Noviembre me vuelve solitario. Me mete las manos en los bolsillos y me silba en el oído con su viento monótono y desapacible. Me alarga las mangas y me pinta de otoño los huesos.
Me sorprende la noche sin haber consumado la tarde, alargando la desidia y arrugando el mundo hasta que cabe en el haz de luz de una bombilla. La casa está sola a estas horas y rezuman las paredes con el eco de las voces ausentes, con el miedo de los instantes perdidos, con la pasión de besos desparramados por el salón.

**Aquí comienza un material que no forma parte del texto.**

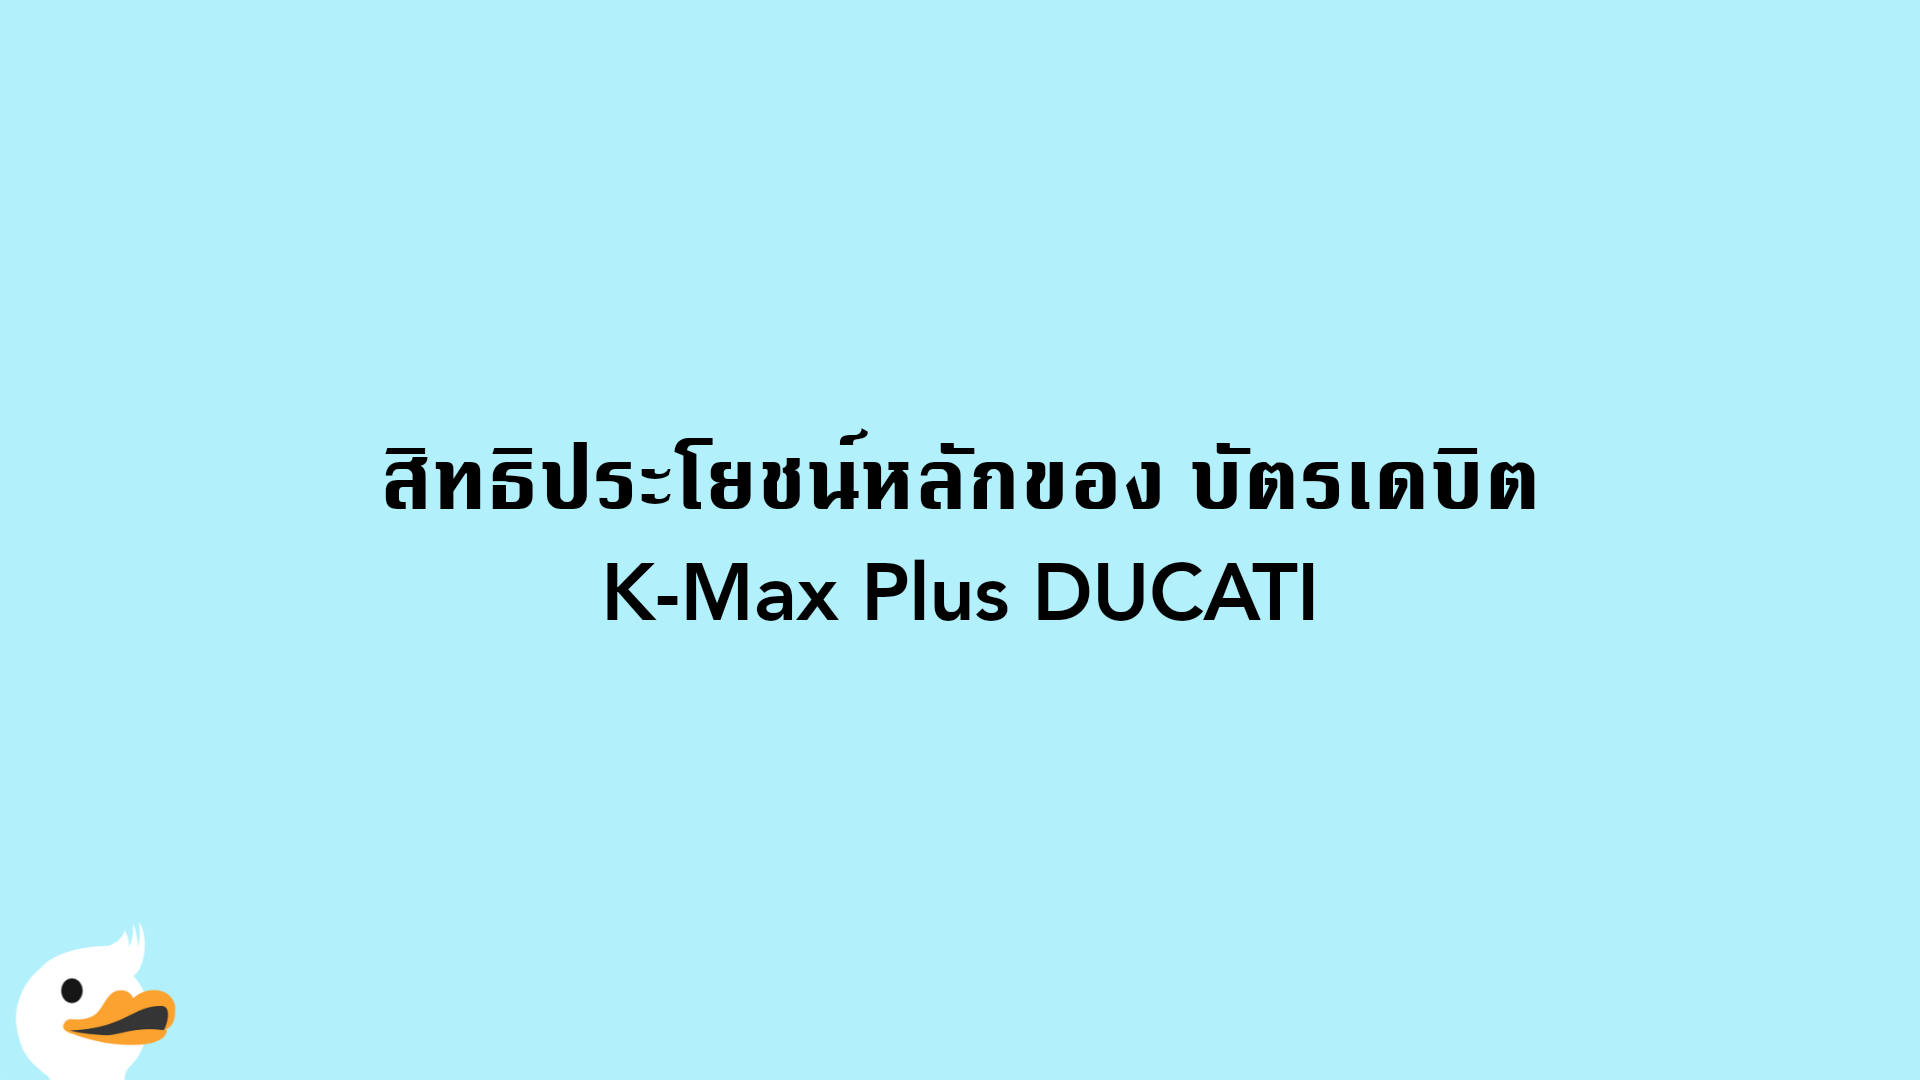 สิทธิประโยชน์หลักของ บัตรเดบิต K-Max Plus DUCATI

La luna llena se esconde detrás de un velo blanquecino, pálido, ojeroso. El visillo del cielo pinta invisible el viento que agita la solemnidad de los cipreses, que se bambolean en fila al borde del patio. Llueve afuera, como sin gana, un llanto desconsolado de niño caprichoso y adormecido. Dentro, caen las mismas gotas de aquel otro noviembre que pasó deprisa y me dejó el corazón tembloroso.
Me siento frágil, desguarnecido. Hueco. Como si la vida se me fuese durmiendo en los dedos, como si el tiempo se me escurriera vivo por la boca de la chimenea encendida en donde me acurruco. Viendo el baile del fuego entre los troncos de olivo, me siento envejecido y maltrecho, asomado a los recuerdos que me asaltan como forajidos crueles.
Soy hombre de gentes, de charla apacible y vaso de vino, pero noviembre me vuelve solitario. Debe ser que hoy noto más intensamente cómo se me van cayendo las hojas amarillas del calendario.